Foi assim, desde que há vida na Terra, hà 3 ou 4 mil milhões de anos, e daí a bio diversidade a que assistimos.

Não há aqui nenhum “desígnio inteligente” mas apenas um processo evolutivo que decorre de acordo com regras que são conhecidas, estão estudadas e podem ser observadas na natureza, tal como fez Charles Darwin na ilha de Galápagos.

Se alguém quiser ver no “motor” desta força que gera a evolução e a vida, motivo para uma fé religiosa, na sequência da tal necessidade que o homem tem de acreditar e que, na sua génese, foi explicada de forma convincente por R. Dawkins, não me parece que daí venha muito mal ao mundo… se ela se ficar por aí.

Lembremos o que dizia o antropólogo Lionel Tiger sobre a “irracionalidade construtiva” que reproduzi no meu último texto:

- “Os humanos têm uma tendência consciente para verem aquilo que querem ver e, literalmente, dificuldades em ver coisas que tenham conotações negativas, ao passo que vêm com muita facilidade as positivas.”

Tomar os desejos pela realidade favorece as crenças religiosas e se os crentes querem ver a presença de Deus no poder criativo do processo evolutivo explicado por Darwin, estarão apenas a obedecer a uma tendência que, de acordo com a ciência, se radicou no nosso próprio cérebro.

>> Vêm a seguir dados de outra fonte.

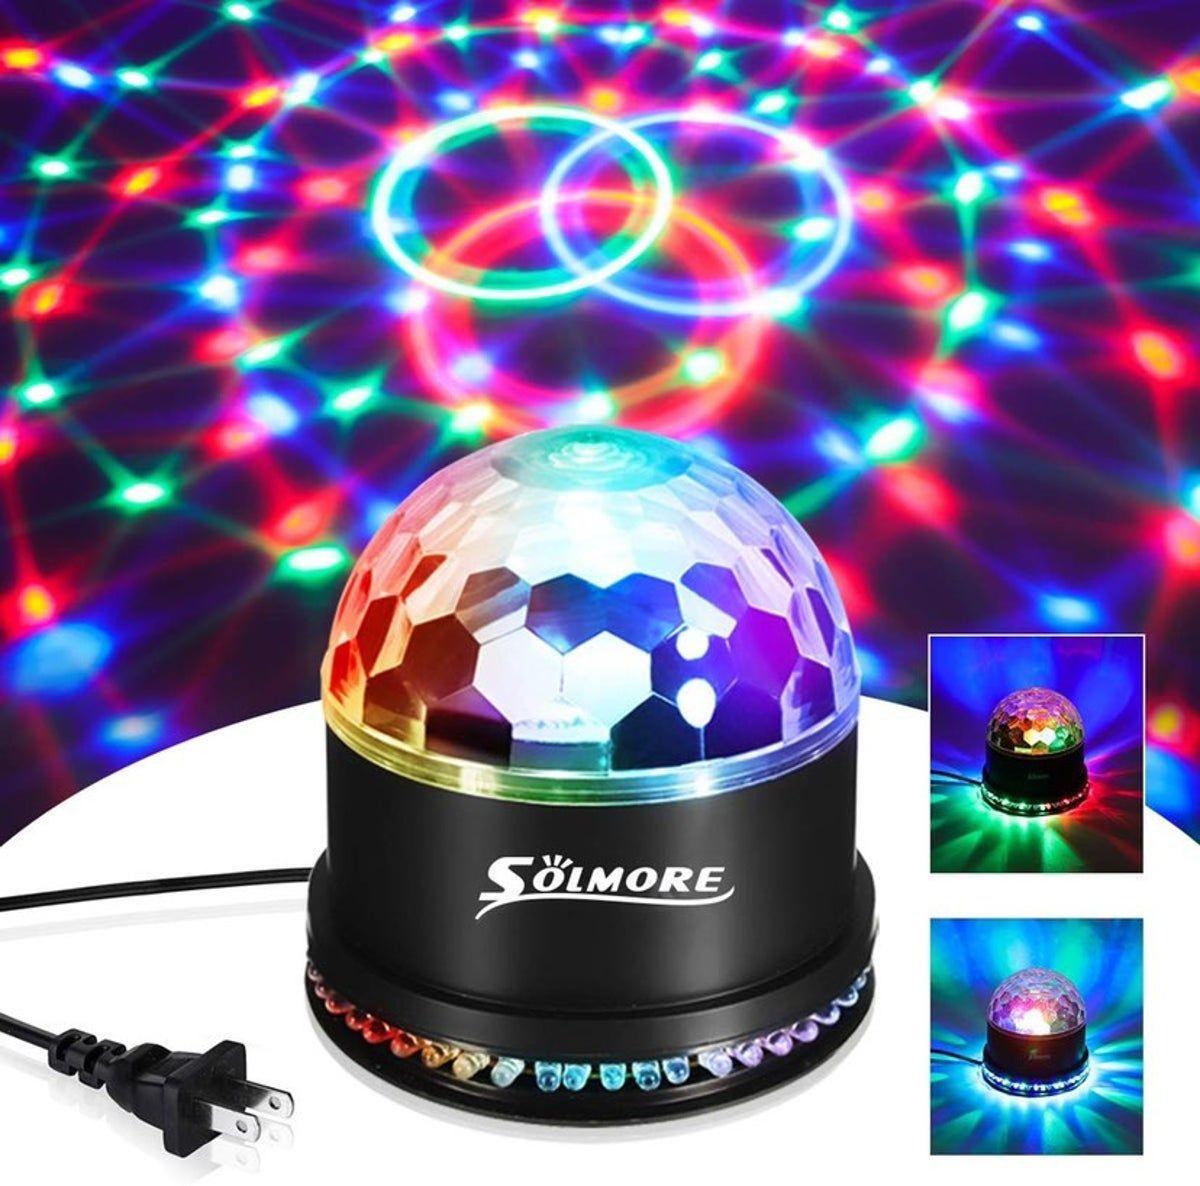 Pin By Melissa Camargo On Deco In 2020 Disco Ball Light Ball Lights Disco Lights

O cérebro humano é a maior conquista da nossa evolução mas não deixa de ser, por isso, frágil, sensível a qualquer tipo de ideia.

Nós imaginamos mundos como se eles existissem, imaginamos acontecimentos como se eles fossem verdadeiros e o cérebro não é muito disciplinado a questionar novas ideias aceitando-as com muita facilidade.

Graças a este defeito genético que estará por corrigir ficamos à mercê dos sacerdotes, dos políticos corruptos e de toda a espécie de burlões…o processo evolutivo nunca estará terminado enquanto houver condições de vida na Terra…e por isso, esperemos que algumas coisas ainda se aperfeiçoem dentro do nosso cérebro.